SUPPLIED RECORDS:
· · · · · · ·
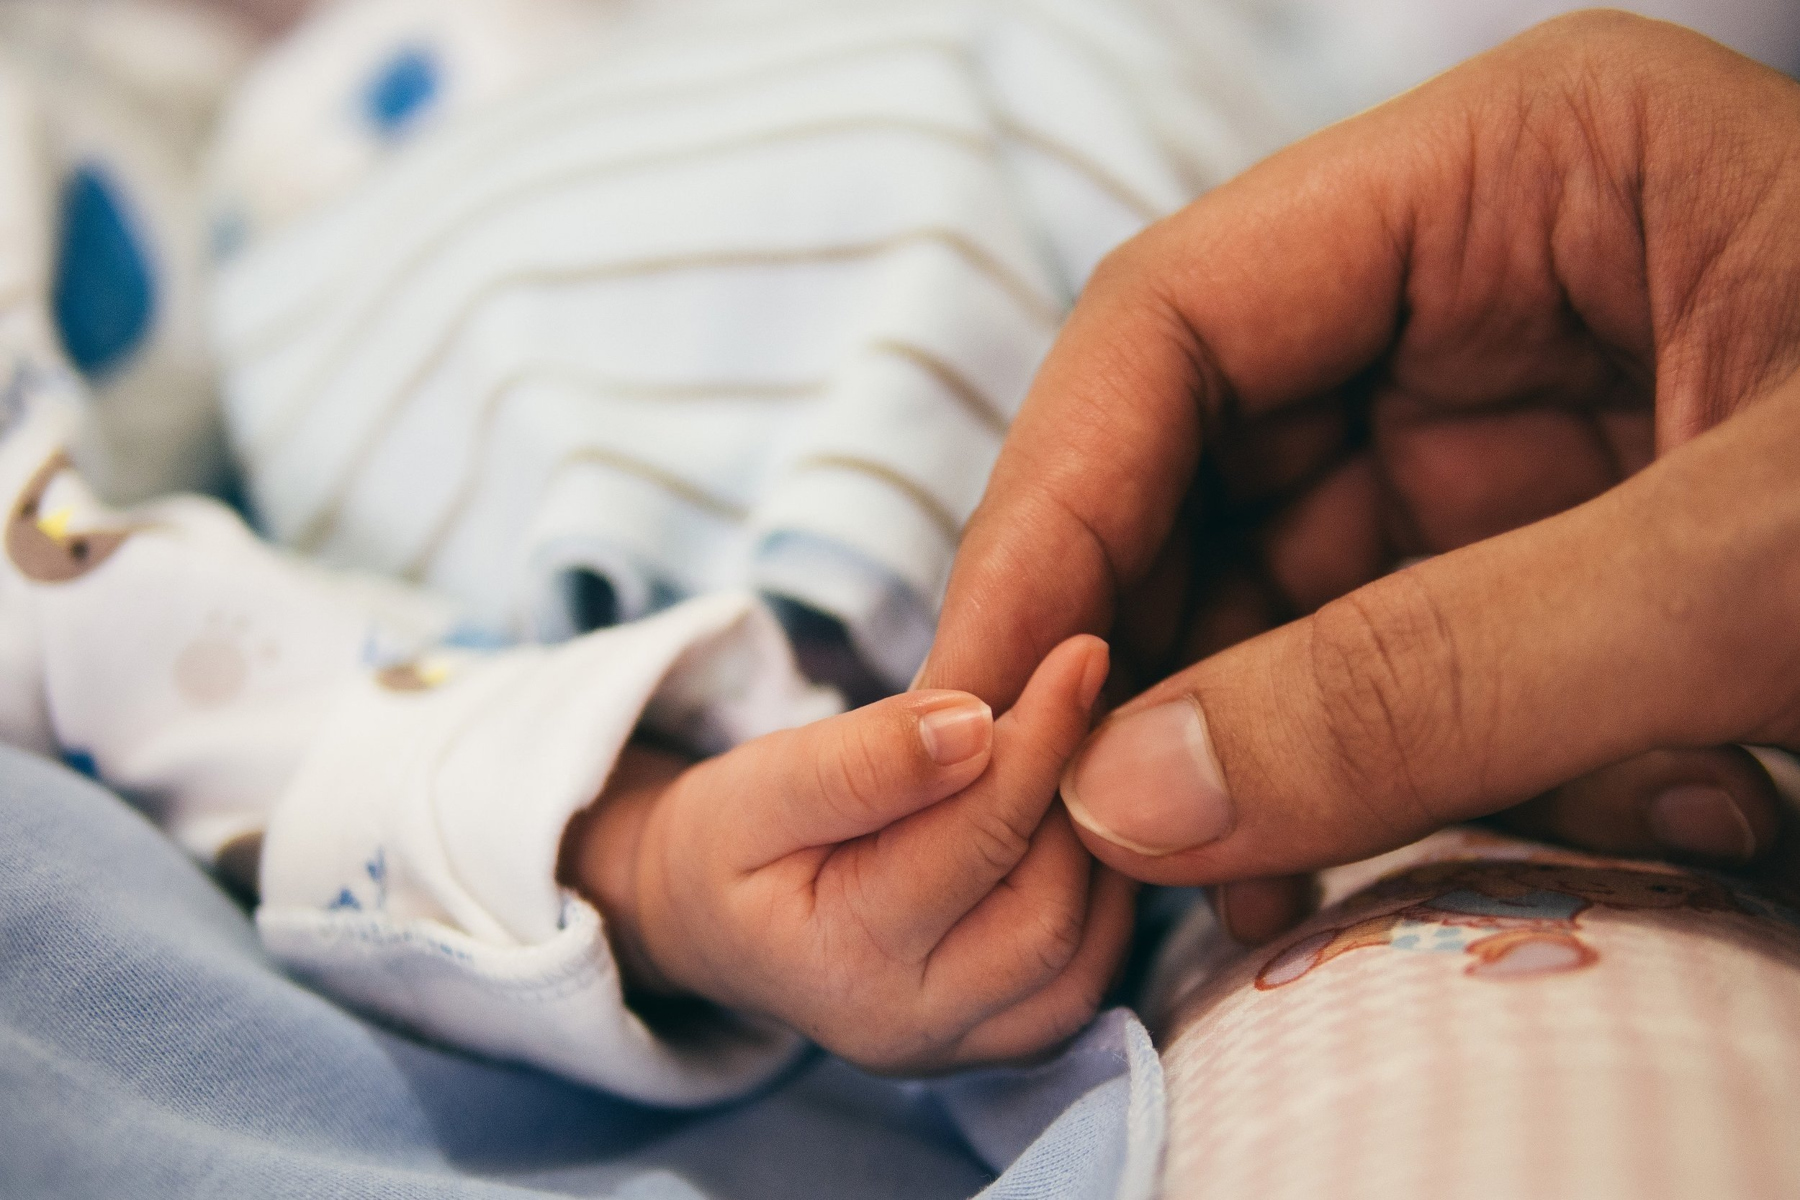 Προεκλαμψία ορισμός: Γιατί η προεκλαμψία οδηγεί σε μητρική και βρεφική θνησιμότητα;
· · · · · · ·
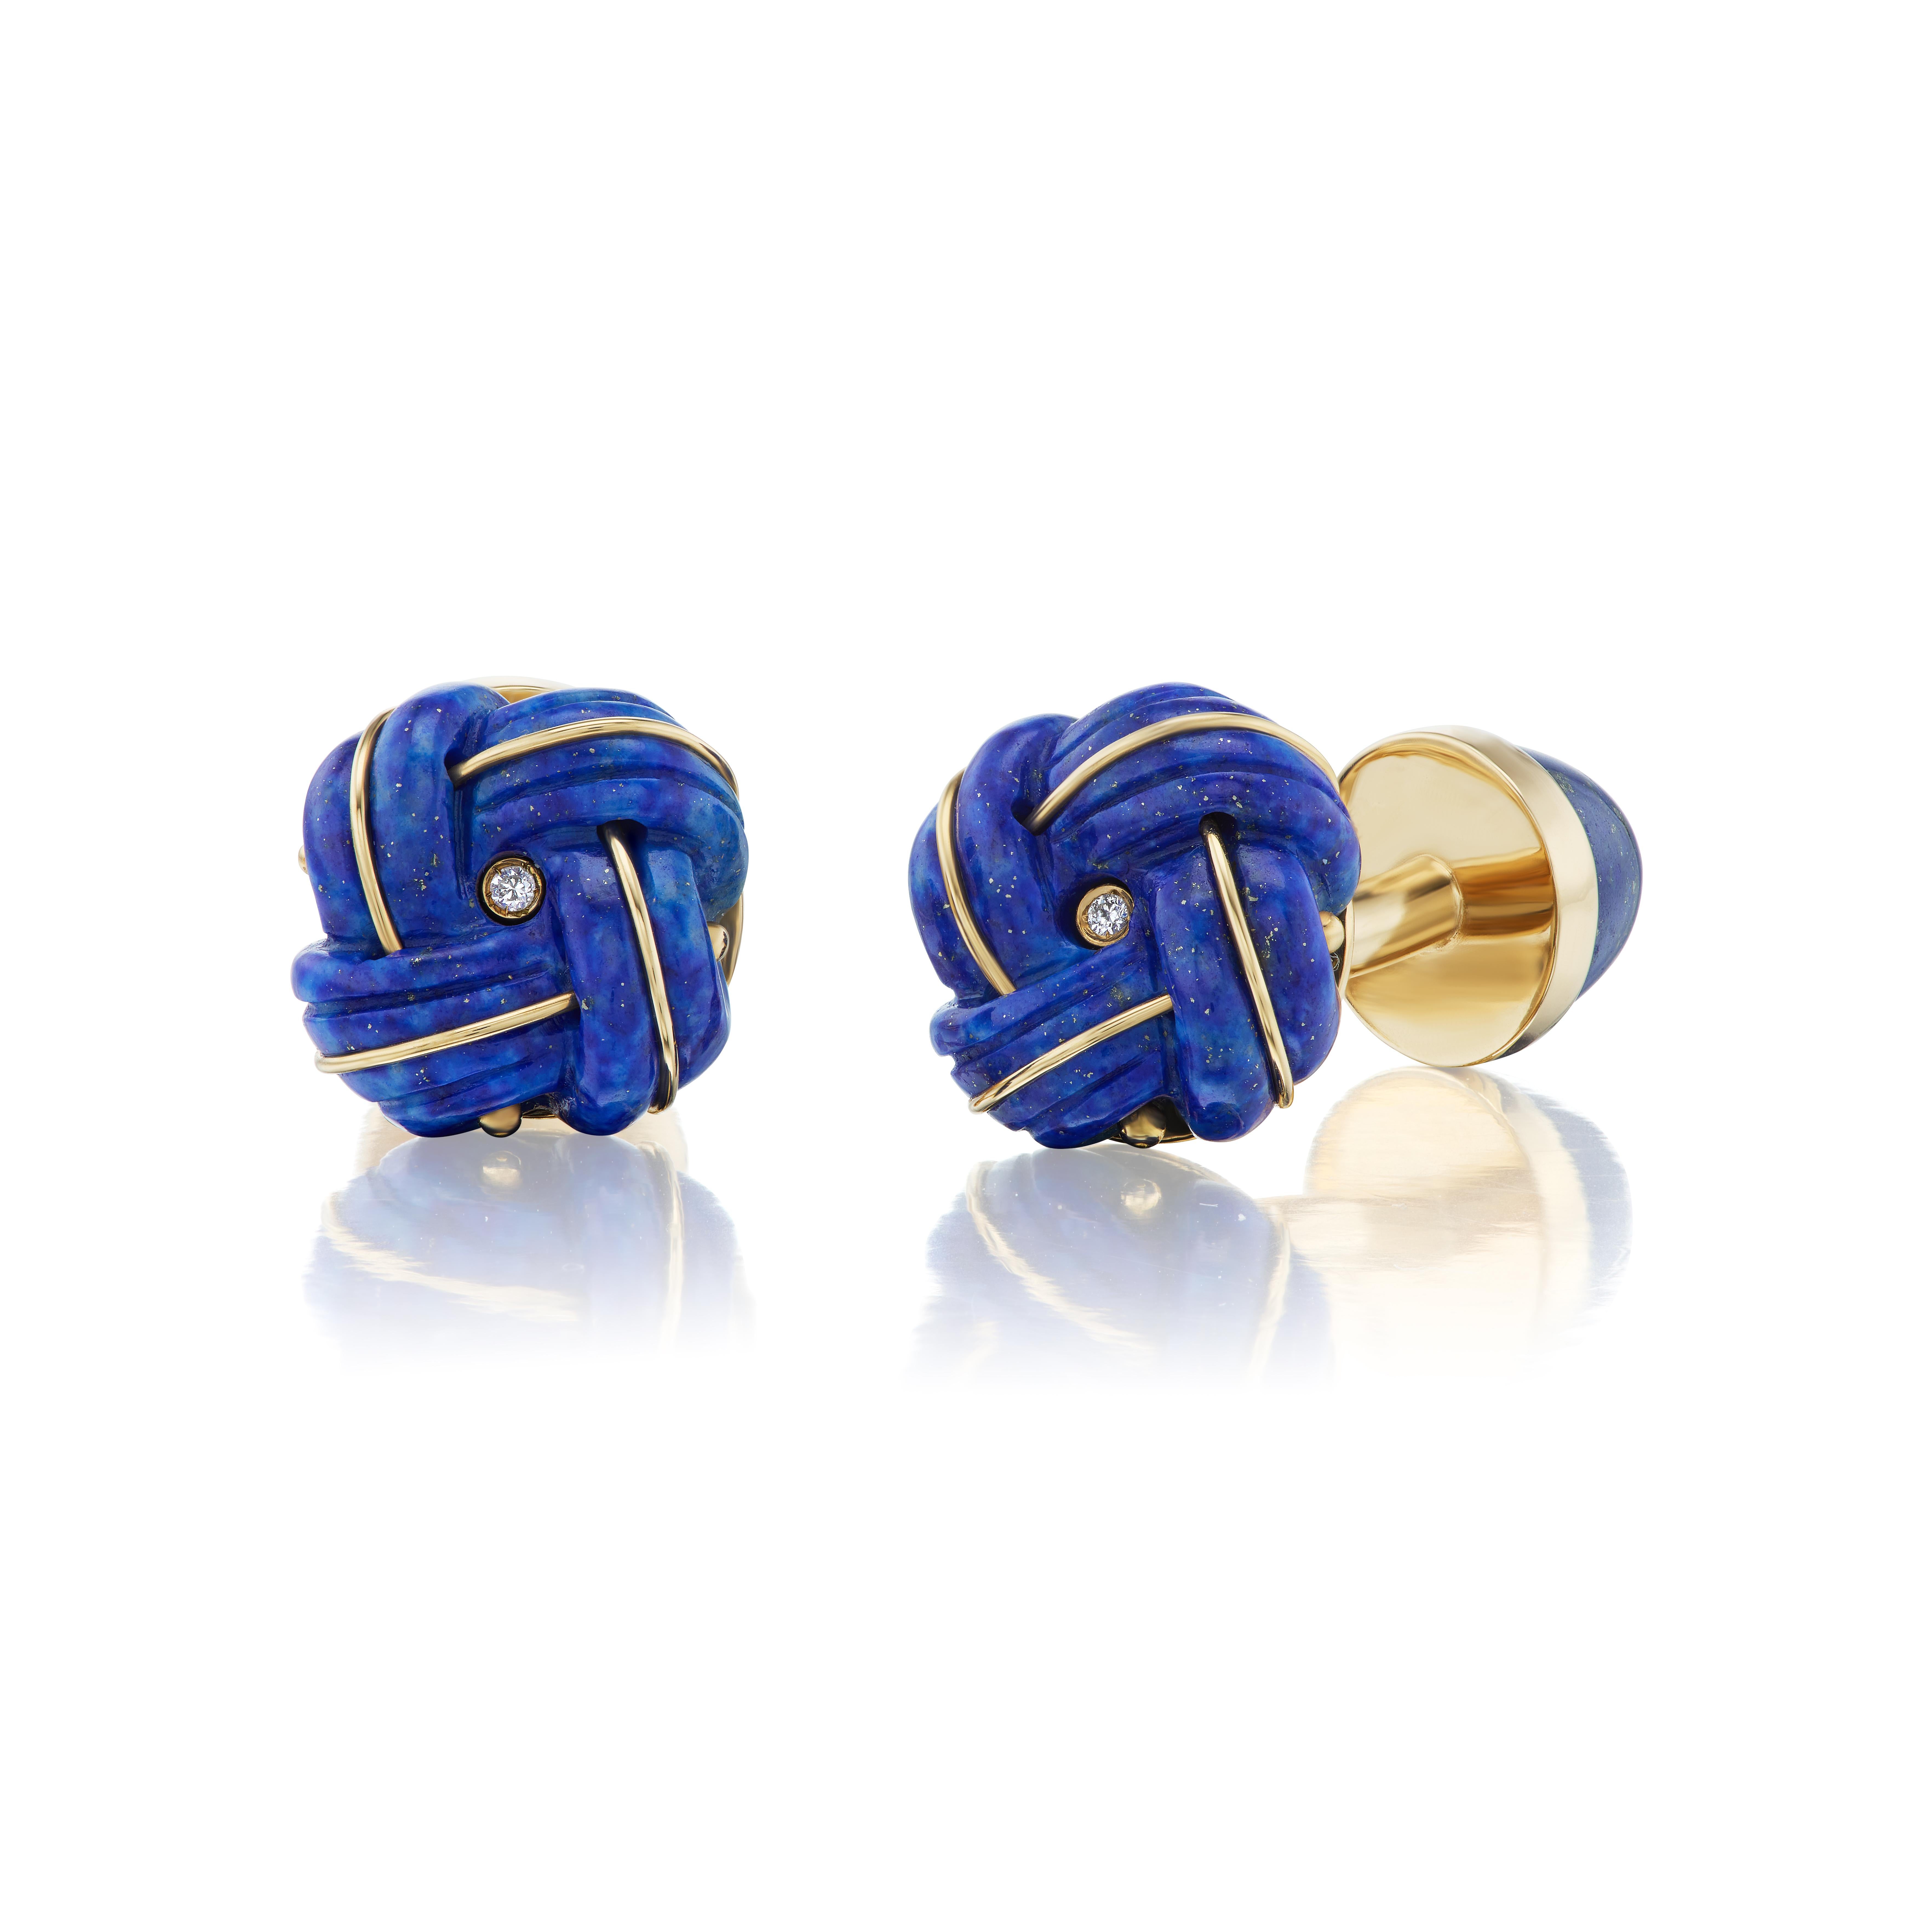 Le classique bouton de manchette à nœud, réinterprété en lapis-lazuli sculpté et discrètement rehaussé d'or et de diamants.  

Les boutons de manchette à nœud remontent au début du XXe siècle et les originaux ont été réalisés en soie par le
· · · · · · ·
TASK BRIEF: Beginning at the line above that contains "Le classique bouton" and going on through the line that contains "Les boutons de", please copy every line exactly, leaving the pictures out and adding nothing.

SOLUTION TO THE EXERCISE:
 Le classique bouton de manchette à nœud, réinterprété en lapis-lazuli sculpté et discrètement rehaussé d'or et de diamants.  

Les boutons de manchette à nœud remontent au début du XXe siècle et les originaux ont été réalisés en soie par le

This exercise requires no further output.